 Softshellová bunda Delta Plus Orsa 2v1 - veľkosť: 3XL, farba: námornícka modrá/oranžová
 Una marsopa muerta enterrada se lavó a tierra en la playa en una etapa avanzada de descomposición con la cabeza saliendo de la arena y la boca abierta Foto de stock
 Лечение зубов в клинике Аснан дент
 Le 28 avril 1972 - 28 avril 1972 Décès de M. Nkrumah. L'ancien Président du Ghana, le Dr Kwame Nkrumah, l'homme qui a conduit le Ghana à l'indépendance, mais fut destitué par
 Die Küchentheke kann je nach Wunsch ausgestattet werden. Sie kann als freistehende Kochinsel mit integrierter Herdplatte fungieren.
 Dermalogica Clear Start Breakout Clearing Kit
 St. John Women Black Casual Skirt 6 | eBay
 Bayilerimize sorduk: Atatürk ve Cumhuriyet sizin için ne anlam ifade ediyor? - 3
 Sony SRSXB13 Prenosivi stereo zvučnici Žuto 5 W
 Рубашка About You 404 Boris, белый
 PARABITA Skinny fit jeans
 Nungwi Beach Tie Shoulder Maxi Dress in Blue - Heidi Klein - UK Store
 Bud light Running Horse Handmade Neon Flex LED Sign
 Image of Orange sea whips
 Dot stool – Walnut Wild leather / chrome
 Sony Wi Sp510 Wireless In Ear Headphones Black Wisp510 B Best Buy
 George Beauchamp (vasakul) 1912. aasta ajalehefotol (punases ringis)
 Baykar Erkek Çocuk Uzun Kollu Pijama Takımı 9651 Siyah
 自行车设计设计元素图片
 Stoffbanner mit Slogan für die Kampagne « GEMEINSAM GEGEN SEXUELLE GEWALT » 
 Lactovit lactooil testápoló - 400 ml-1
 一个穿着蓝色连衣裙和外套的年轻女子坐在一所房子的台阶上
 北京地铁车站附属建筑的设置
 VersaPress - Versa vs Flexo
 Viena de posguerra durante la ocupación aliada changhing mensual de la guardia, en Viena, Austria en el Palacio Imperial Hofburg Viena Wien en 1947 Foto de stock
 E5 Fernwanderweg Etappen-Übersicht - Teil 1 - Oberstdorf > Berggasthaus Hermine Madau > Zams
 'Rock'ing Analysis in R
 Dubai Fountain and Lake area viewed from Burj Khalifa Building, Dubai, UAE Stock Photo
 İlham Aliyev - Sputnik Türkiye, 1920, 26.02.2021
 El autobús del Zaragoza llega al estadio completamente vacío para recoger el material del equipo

WHAT THE EXERCISE ASKS: Pull each line holding "Sony" out of the listing.

SOLUTION FOR THIS PROBLEM:
 Sony SRSXB13 Prenosivi stereo zvučnici Žuto 5 W
 Sony Wi Sp510 Wireless In Ear Headphones Black Wisp510 B Best Buy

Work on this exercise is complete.